The speech, delivered near the end of Chifley's term as prime minister, pays tribute to the people who make up Australia's labour movement.

==Text==
"I have had the privilege of leading the Labor Party for nearly four years. They have not been easy times and it has not been an easy job. It is a man-killing job and would be impossible if it were not for the help of my colleagues and members of the movement.

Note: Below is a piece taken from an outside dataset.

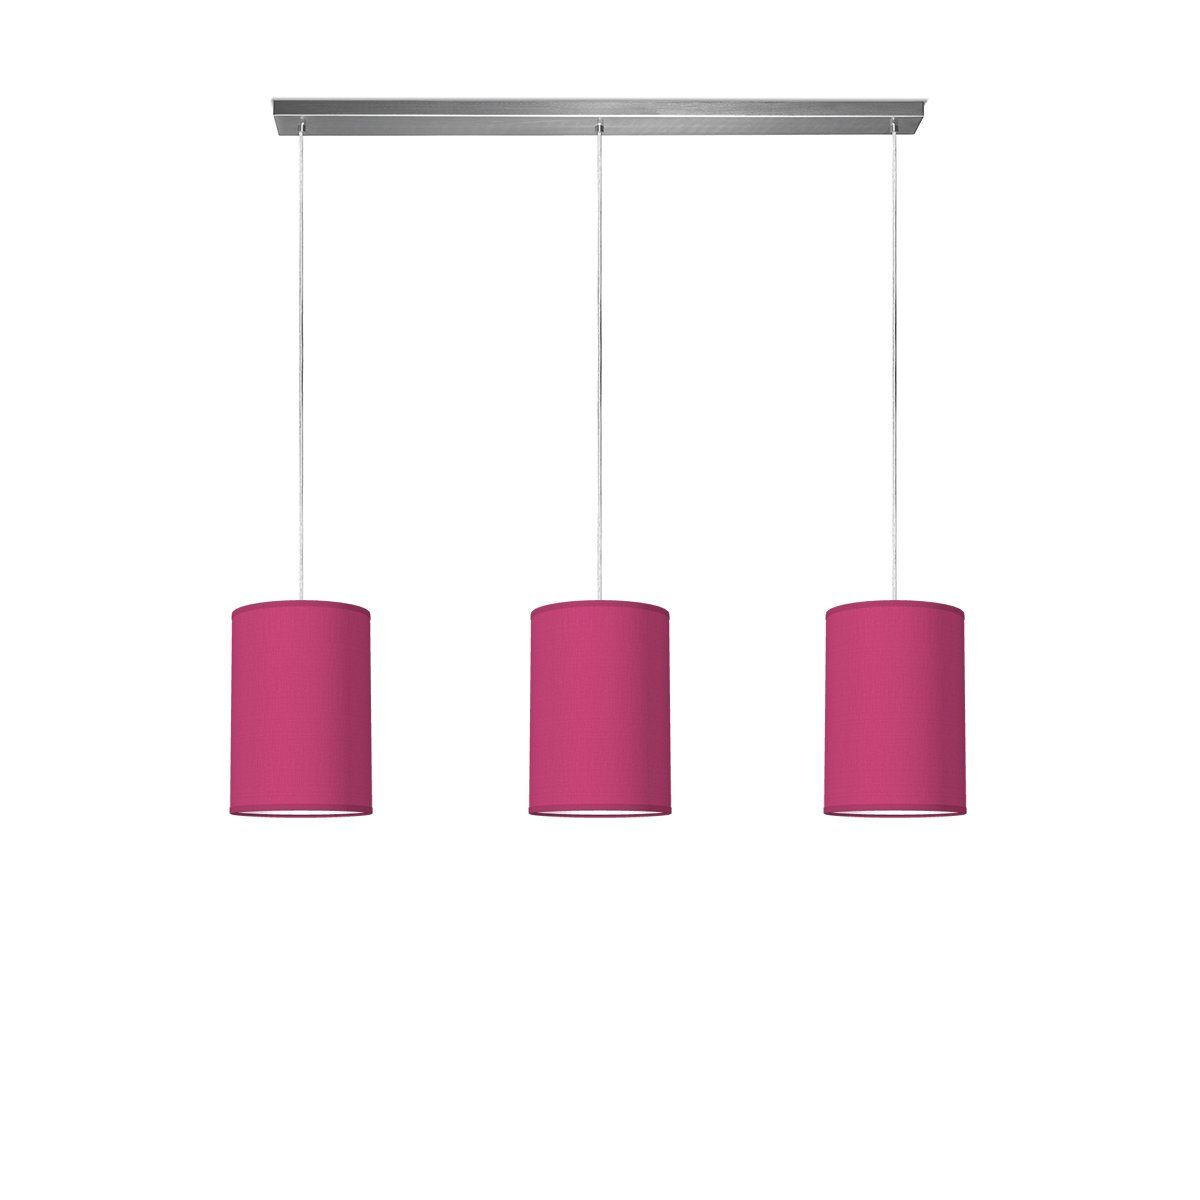 Light depot - hanglamp beam 3 tube Ø 20 cm - roze - Outlet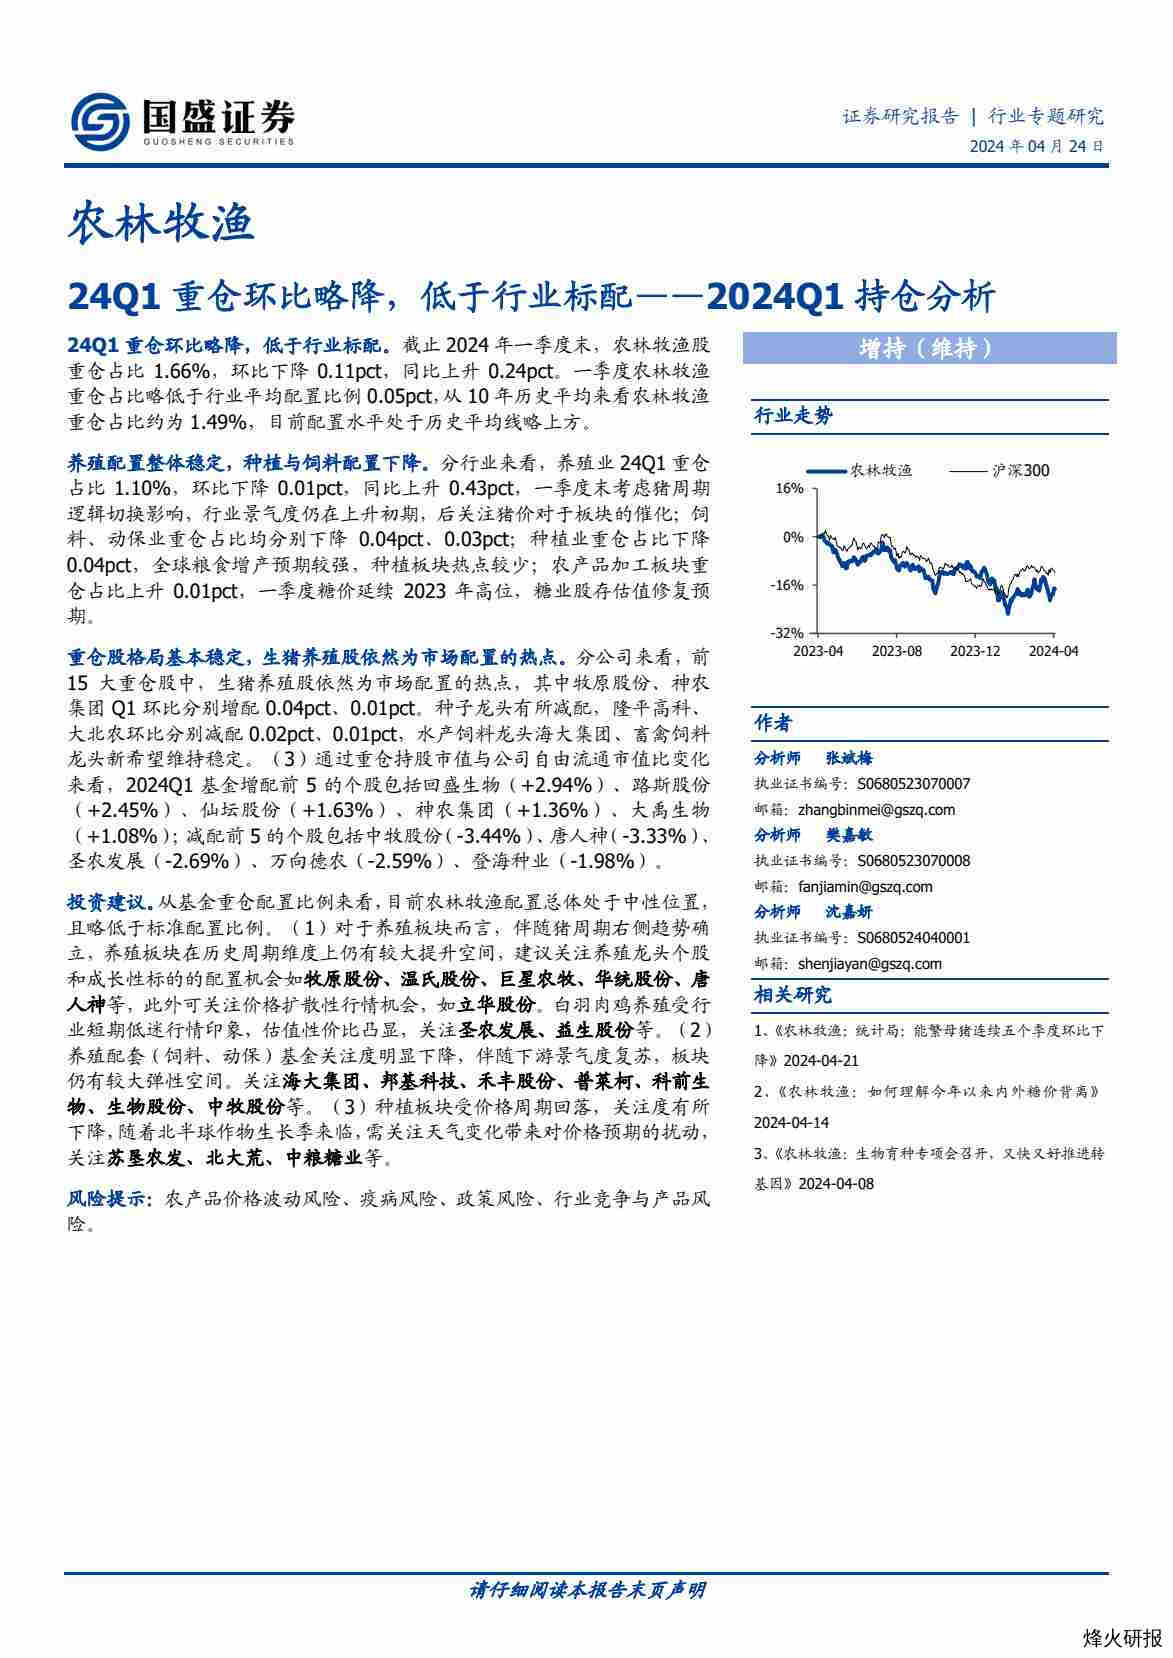 农林牧渔2024Q1持仓分析：24Q1重仓环比略降，低于行业标配-第一页

No Labor Minister or leader ever has an easy job. The urgency that rests behind the Labor movement, pushing it on to do things, to create new conditions, to reorganise the economy of the country, always means that the people who work within the Labor movement, people who lead, can never have an easy job. The job of the evangelist is never easy.

Because of the turn of fortune's wheel your Premier (Mr McGirr) and I have gained some prominence in the Labor movement. But the strength of the movement cannot come from us. We may make plans and pass legislation to help and direct the economy of the country. But the job of getting the things the people of the country want comes from the roots of the Labor movement – the people who support it.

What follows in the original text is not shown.